Eserleri. Bazı kaynaklarda Yazıcı Sâlih’e es-SebǾu’l-meŝânî, SebǾa-i Seyyâre, Tâbir-nâme ve ilm-i tıbba dair bazı risâleler nisbet edilse de (Evliya Çelebi, V, 166) bunların hiçbiri günümüze ulaşmamıştır. Şaire atfedilen Melhame gibi bazı eserler ise Şemsiyye’nin bir parçası olup müstakil değildir (Yazıcı Salih ve Şemsiyyesi, s. 14-15). Yazıcı Sâlih’in Şemsiyye adlı eseri Anadolu’da astroloji üzerine kaleme alındığı bilinen ilk Türkçe mesnevidir. Eserin başında 811 (1408-1409) yılında yazılarak İskender b. Hacı Paşa’ya sunulduğu kaydedilmektedir. “Fâilâtün fâilâtün fâilün” kalıbıyla yazılan mesnevi, didaktik amaçla ve sade bir dille kaleme alınmış, Anadolu Türkçesi’nin ilk dönemine ait önemli bir eserdir. 3900-4700 arasında beyit ihtiva eden mesnevi üç bölümden meydana gelmektedir. Birinci bölüm tevhid, na‘t, mi‘râciyye ve sebeb-i te’lîften oluşur. İkinci bölüm eserin asıl kısmı olup her biri bir aya tekabül eden on iki babdan meydana gelir.
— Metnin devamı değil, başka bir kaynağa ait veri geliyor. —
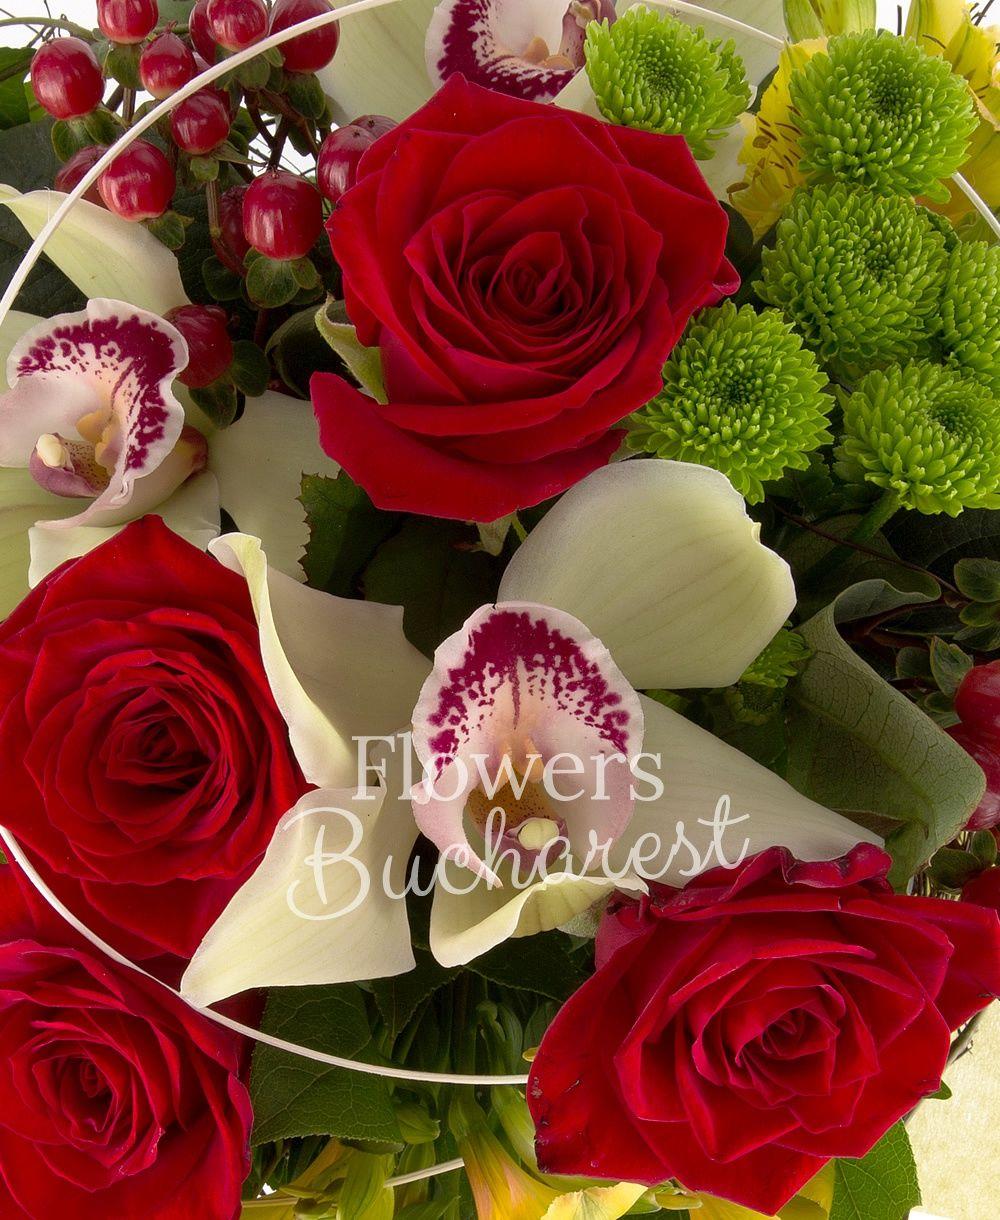 5 red roses, 5 yellow alstroemeria, 3 red hypericum, 2 green santini, green cymbidium, greenery
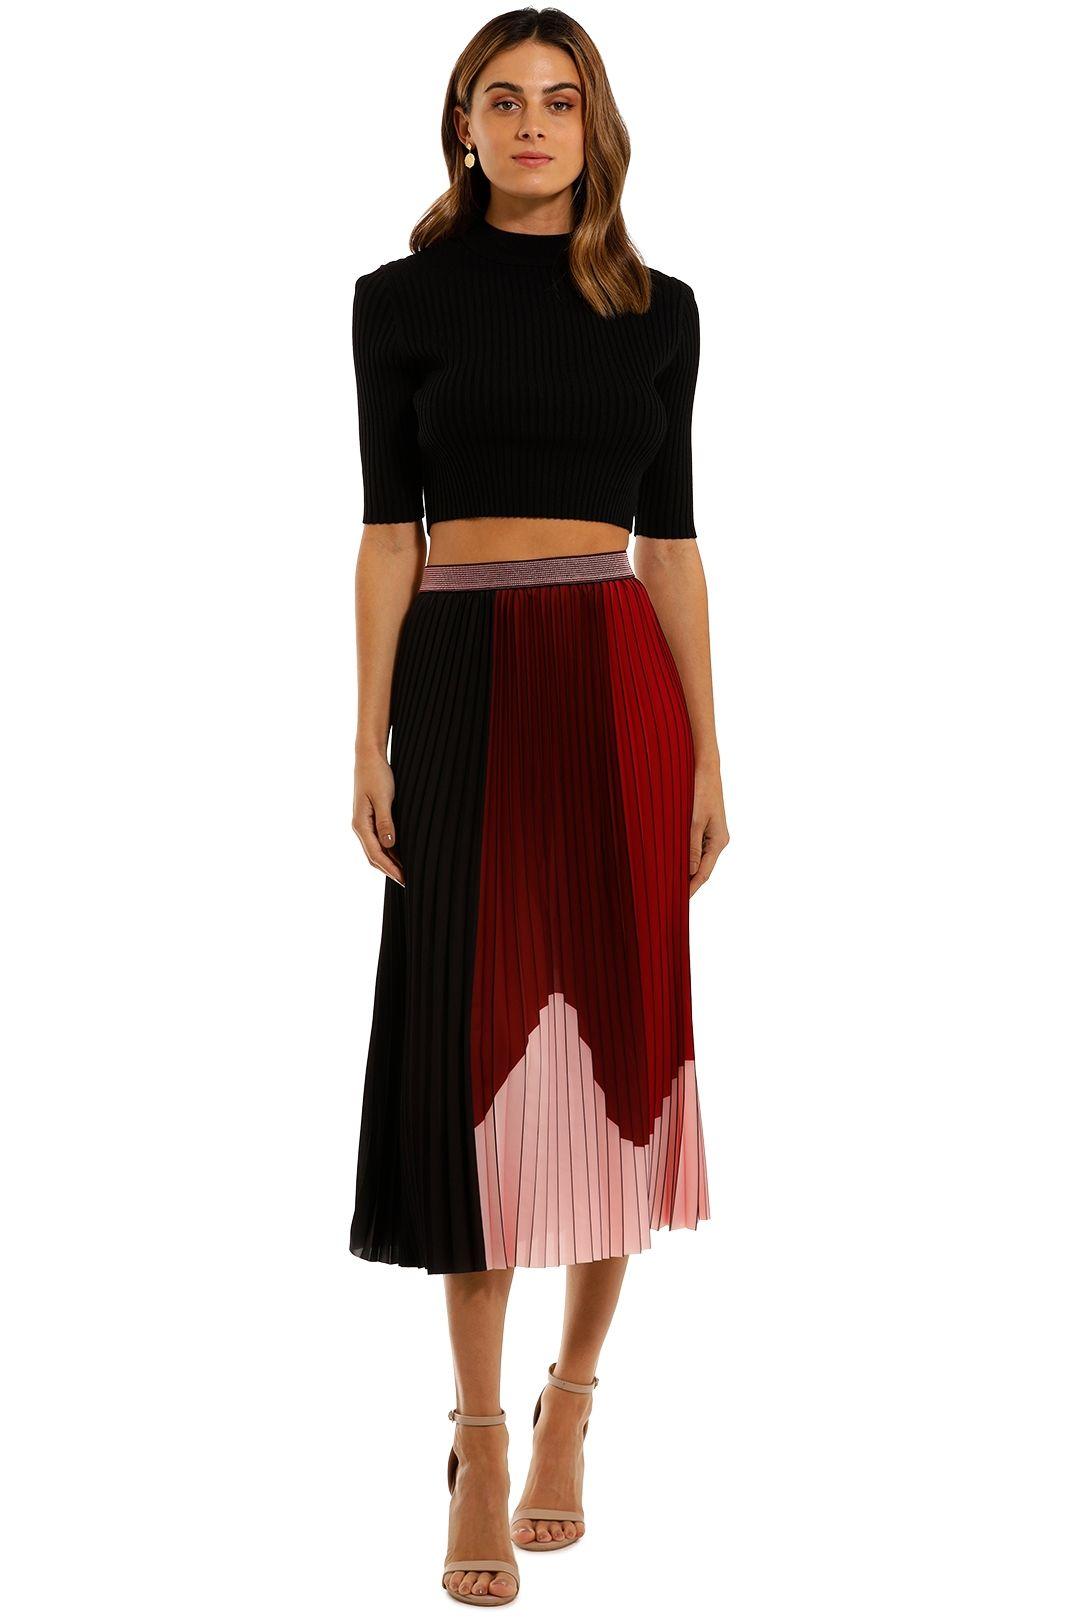 COOP Pleat Emotion Skirt Wine Mix

Her babda çeşitli konulara dair yirmi beş fasıl bulunmaktadır. Bablarda o ayda ve günlerde meydana gelebilecek olaylar halk inanışlarından ve eskilere ait tecrübelerden faydalanılarak önceden haber verilir. Eserin son bölümünde ayın üç özelliğiyle ilgili (yirmi sekiz menzil) bilgiler yer almaktadır. Bu bölüm, şairin oğlu Ahmed Bîcan tarafından genişletilerek Bostânü’l-hakāyık adıyla nesre çevrilmiştir (EI2 Suppl. [İng.], s. 834). Yazıcı Sâlih eserin mukaddimesinde hangi kitaplardan yararlandığını belirtmektedir. Bu durum, eserin tercüme mi yoksa telif mi olduğu hususunda bazı tartışmalara yol açmışsa da konuyu çeşitli yönlerden ele alan Âmil Çelebioğlu eseri telif olarak nitelemiştir. Mesnevinin Avrupa ve Türkiye kütüphanelerinde yazma nüshaları bulunmaktadır (Flügel, II, 491-493; Rieu, s. 199-200; Süleymaniye Ktp., Pertevniyal Vâlide Sultan, nr. 766; Nuruosmaniye Ktp., nr. 2802/1, 2809, 2810; İÜ Ktp., TY, nr. 607, 944; TSMK, Mehmed Reşad, nr. 776). Şemsiyye üzerine lisans tezlerinden başka Atilla Batur ve Sibel Sevinç yüksek lisans, Mehmet Terzi doktora tezi hazırlamıştır (bk. bibl.).

BİBLİYOGRAFYA:

Yazıcı Salih (Selahaddin): Kitabu’ş-Şemsiyye (Melhame-i Şemsiyye, Dil Özellikleri-Metin-Söz Dizini) (haz. Mehmet Terzi, doktora tezi, 1994), İnönü Üniversitesi Sosyal Bilimler Enstitüsü; Yazıcı Salih ve Şemsiyyesi (haz. Atilla Batur, yüksek lisans tezi, 1996), EÜ Sosyal Bilimler Enstitüsü, s. 14-15; Yazıcı Salih’in Melhamesi (Kitabü’ş-Şemsiyye) (haz. Sibel Sevinç, yüksek lisans tezi, 1999), Cumhuriyet Üniversitesi Sosyal Bilimler Enstitüsü; Âlî Mustafa Efendi, Künhü’l-ahbâr, Süleymaniye Ktp., Fâtih, nr., 4465, vr. 75b; Hacı Ali Âlî, Tuhfetü’l-mücâhidîn, Nuruosmaniye Ktp., nr. 2293, s. 497; Evliya Çelebi, Seyahatnâme (Dağlı), V, 166; Flügel, Handschriften, II, 491-493; Rieu, Catalogue, s. 199-200; Gibb, HOP, I, 388-391; Osmanlı Müellifleri, III, 308-309; Âmil Çelebioğlu, “Yazıcı Sâlih ve Şemsiyyesi”, İİFD, sy. 1 (1976), s. 171-218; a.mlf. - Kemal Eraslan, “Yazıcıoğlu”, İA, XIII, 363-365; Harun Tolasa, “15. yy. Türk Edebiyatı Anadolu Sahası Mesnevileri”, TDEAD, sy. 1 (1982), s. 1-13; Hatice Aynur, “Yazidji, Śāliĥ b. Süleymān”, EI² Suppl. (İng.), s. 834-835.